__COLLECTED MATERIAL__
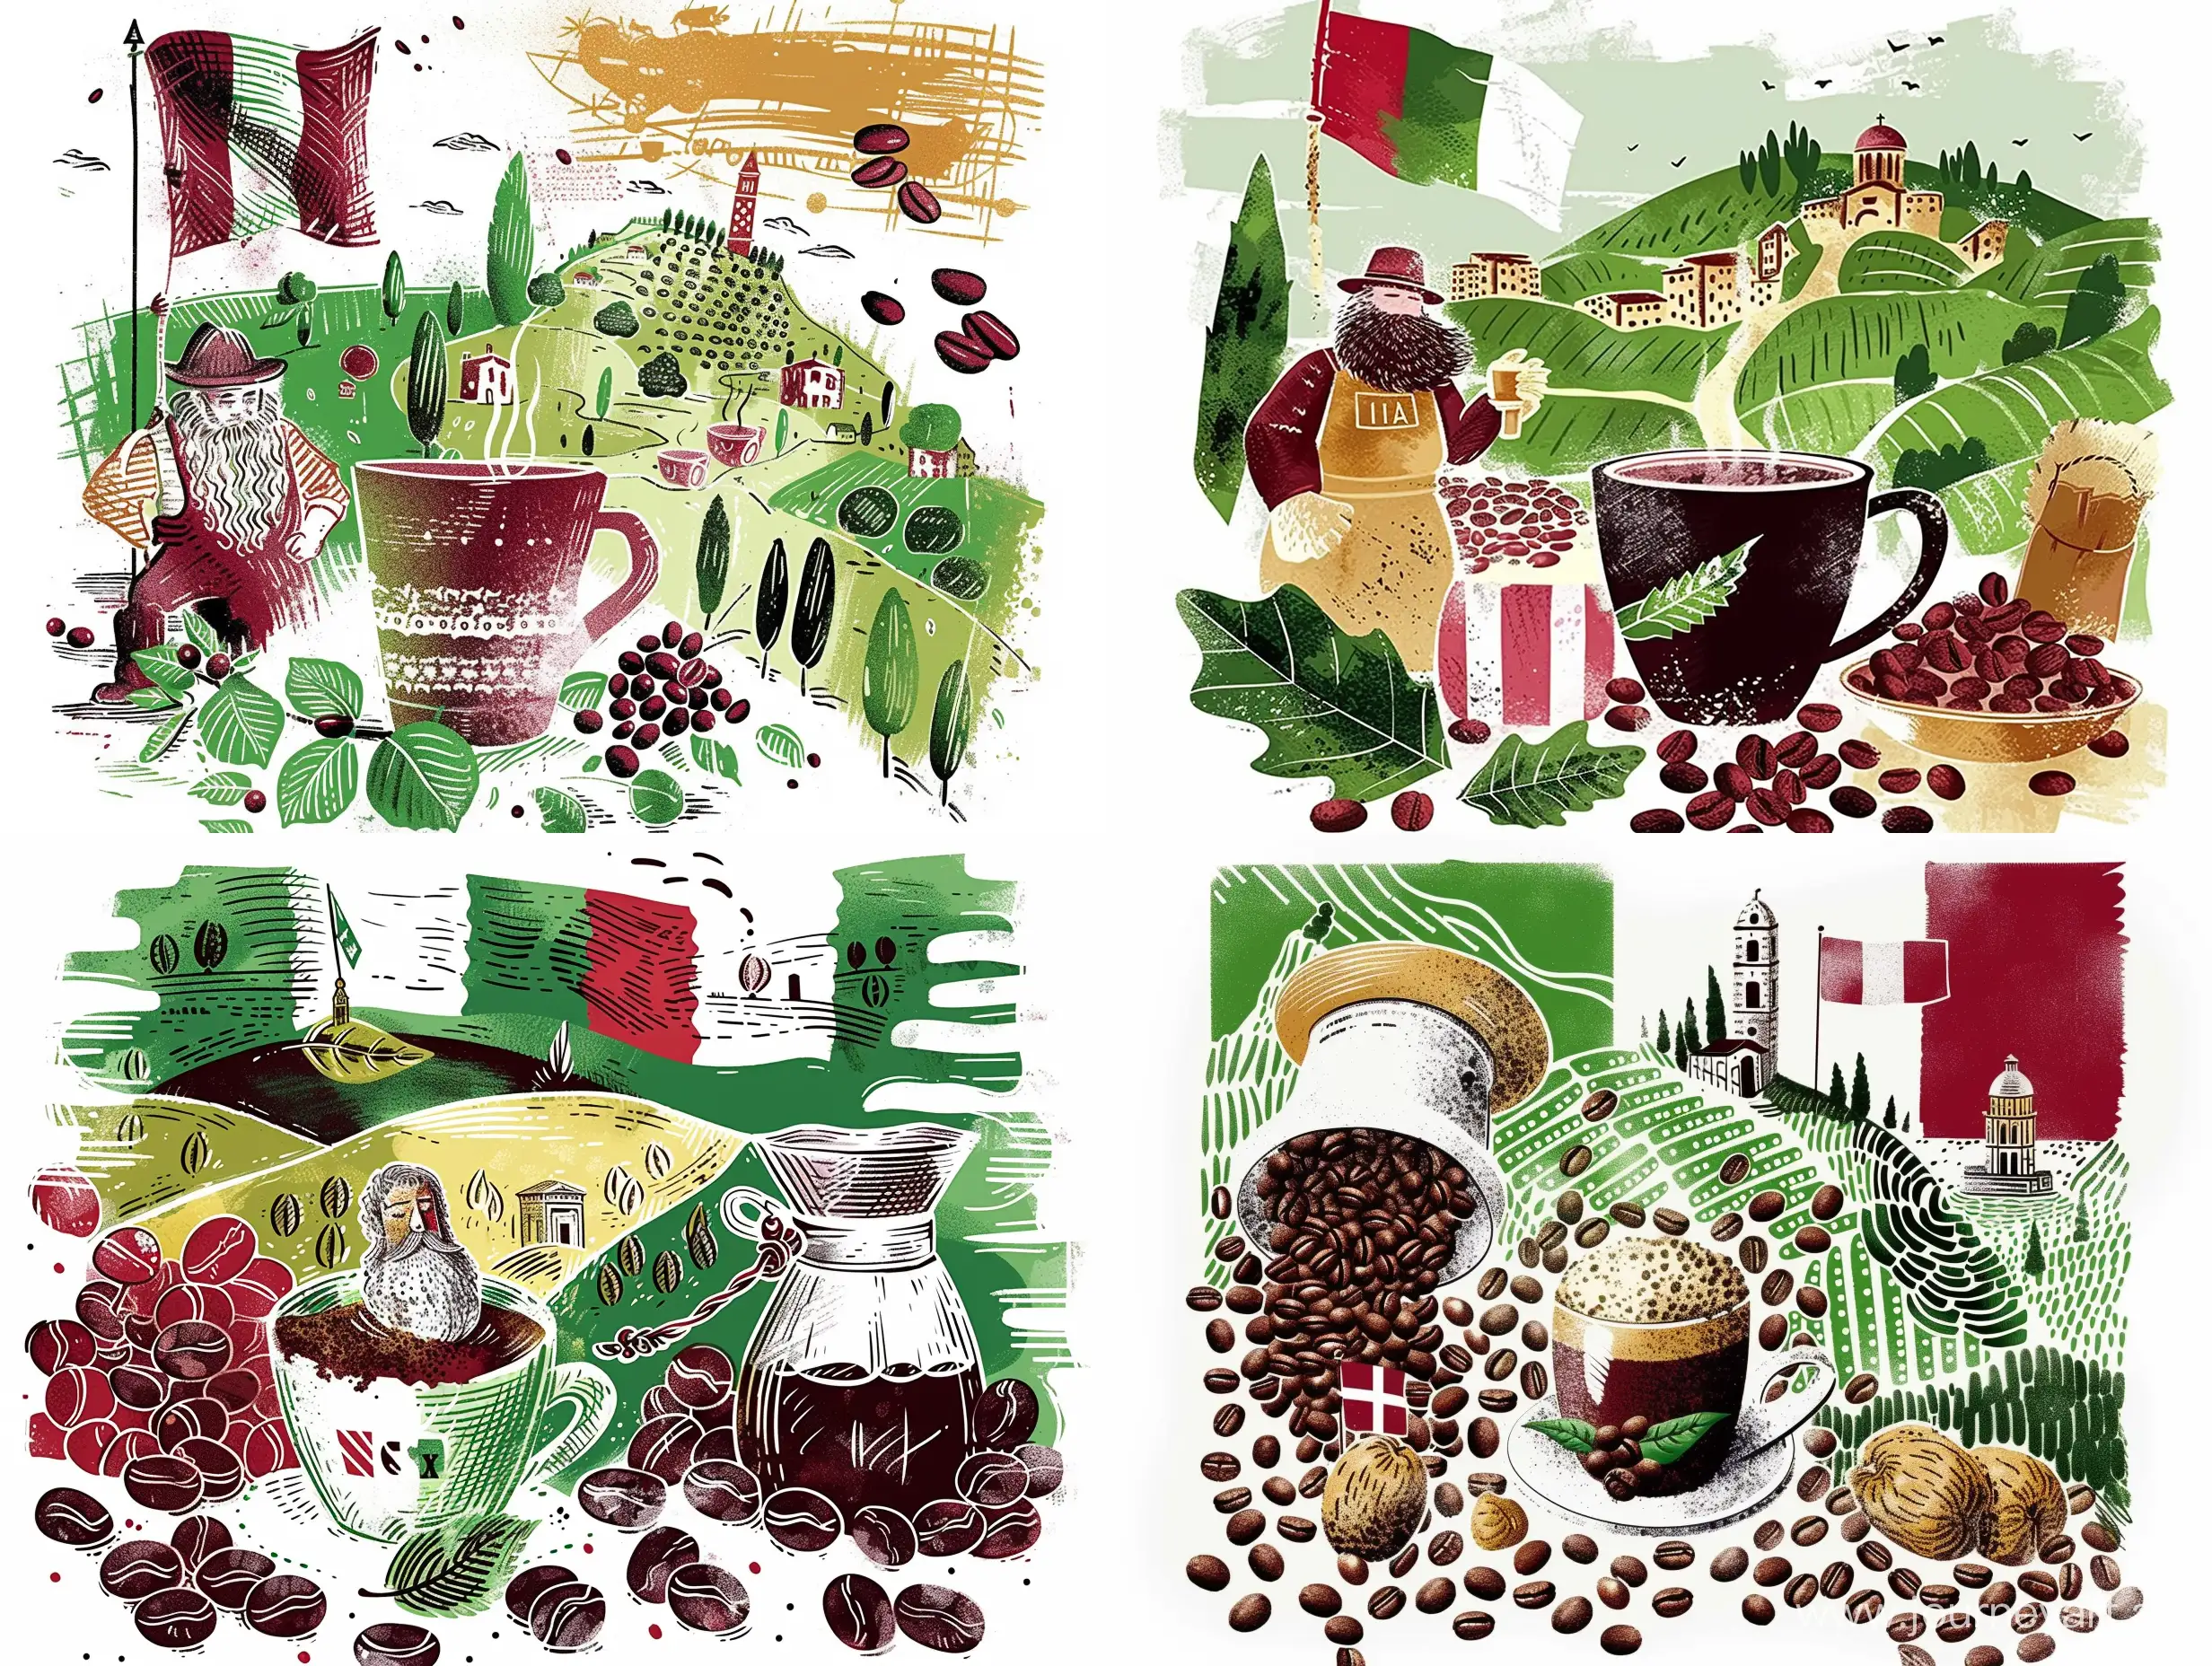 Иллюстрация в стиле авангард кофе, зерна кофе, Итальянский флаг, природа Италии в красном, зеленом и белом цветах, на белом фоне - sref https://i.pinimg.com/564x/6b/94/d1/6b94d172e0e340504c4207171d194e1f.jpg
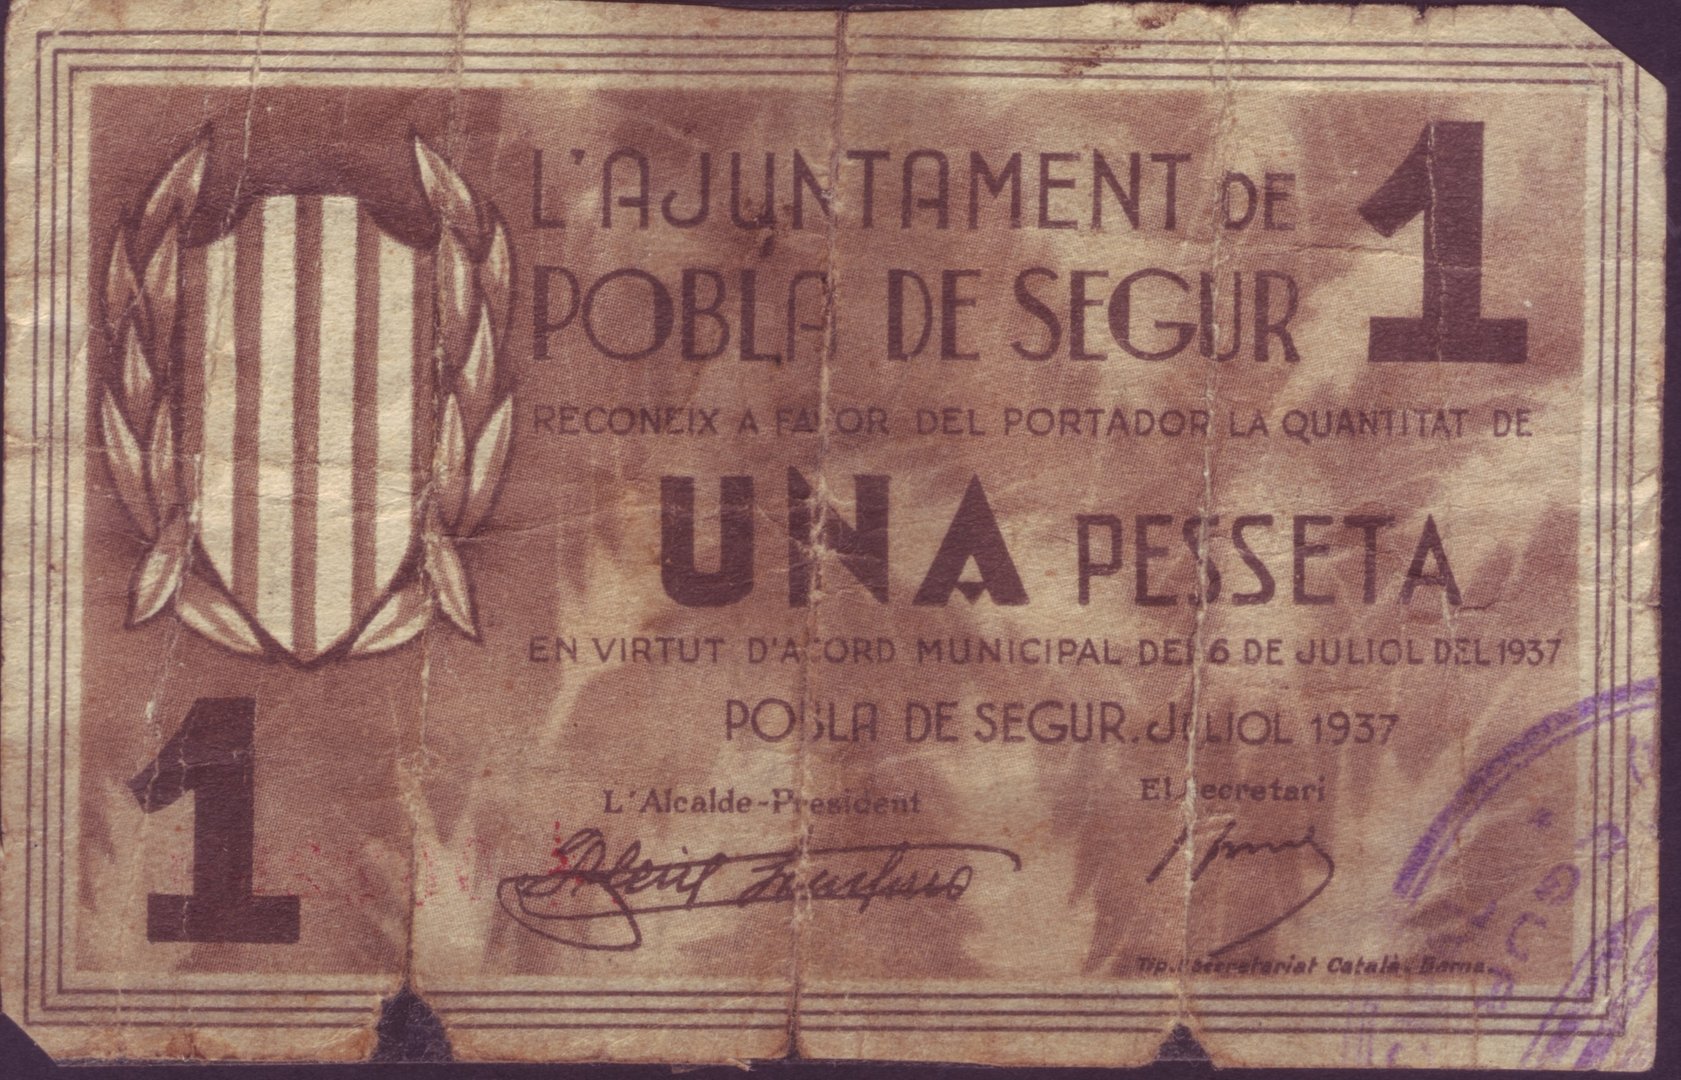 BILLETE LOCAL 1 PTA  POBLA DE SEGUR (LLEIDA). Año 1937 (pegado con celo)     BILL0015k_POBLADESEGUR
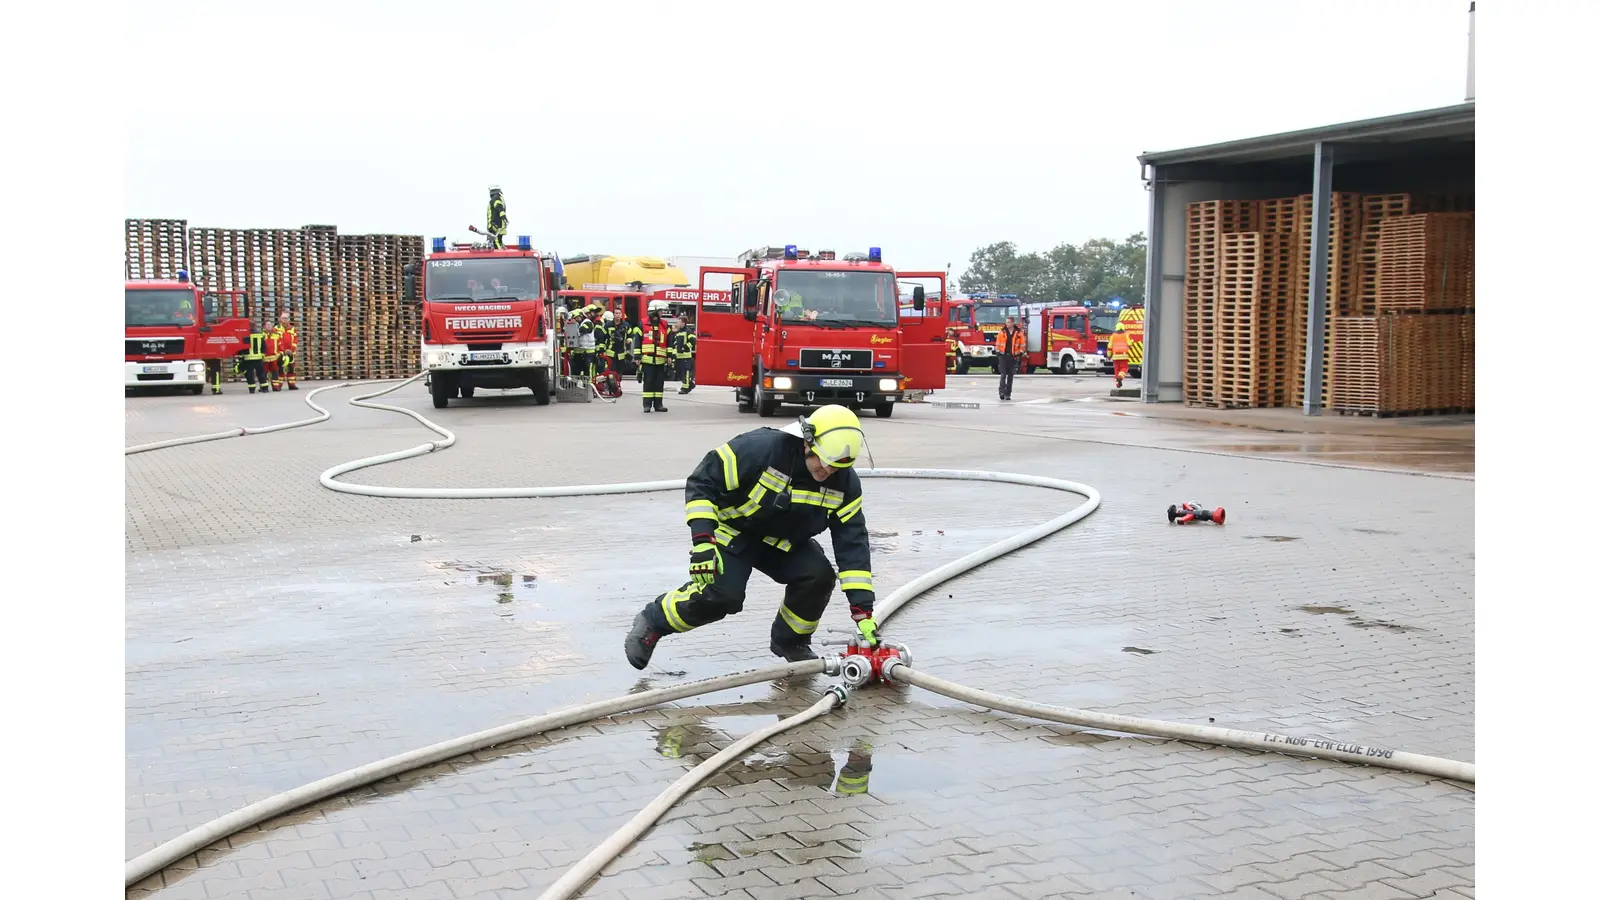 Rund 200 Feuerwehrleute vor allem aus der Region Hannover sind bei der Großübung im Einsatz. (Foto: Borchers, Bastian)

__WORK TASK__
The whole listing above, line by line, needs to be copied exactly, except for any images.

__WORKED SOLUTION__
 Иллюстрация в стиле авангард кофе, зерна кофе, Итальянский флаг, природа Италии в красном, зеленом и белом цветах, на белом фоне - sref https://i.pinimg.com/564x/6b/94/d1/6b94d172e0e340504c4207171d194e1f.jpg
 BILLETE LOCAL 1 PTA  POBLA DE SEGUR (LLEIDA). Año 1937 (pegado con celo)     BILL0015k_POBLADESEGUR
 Rund 200 Feuerwehrleute vor allem aus der Region Hannover sind bei der Großübung im Einsatz. (Foto: Borchers, Bastian)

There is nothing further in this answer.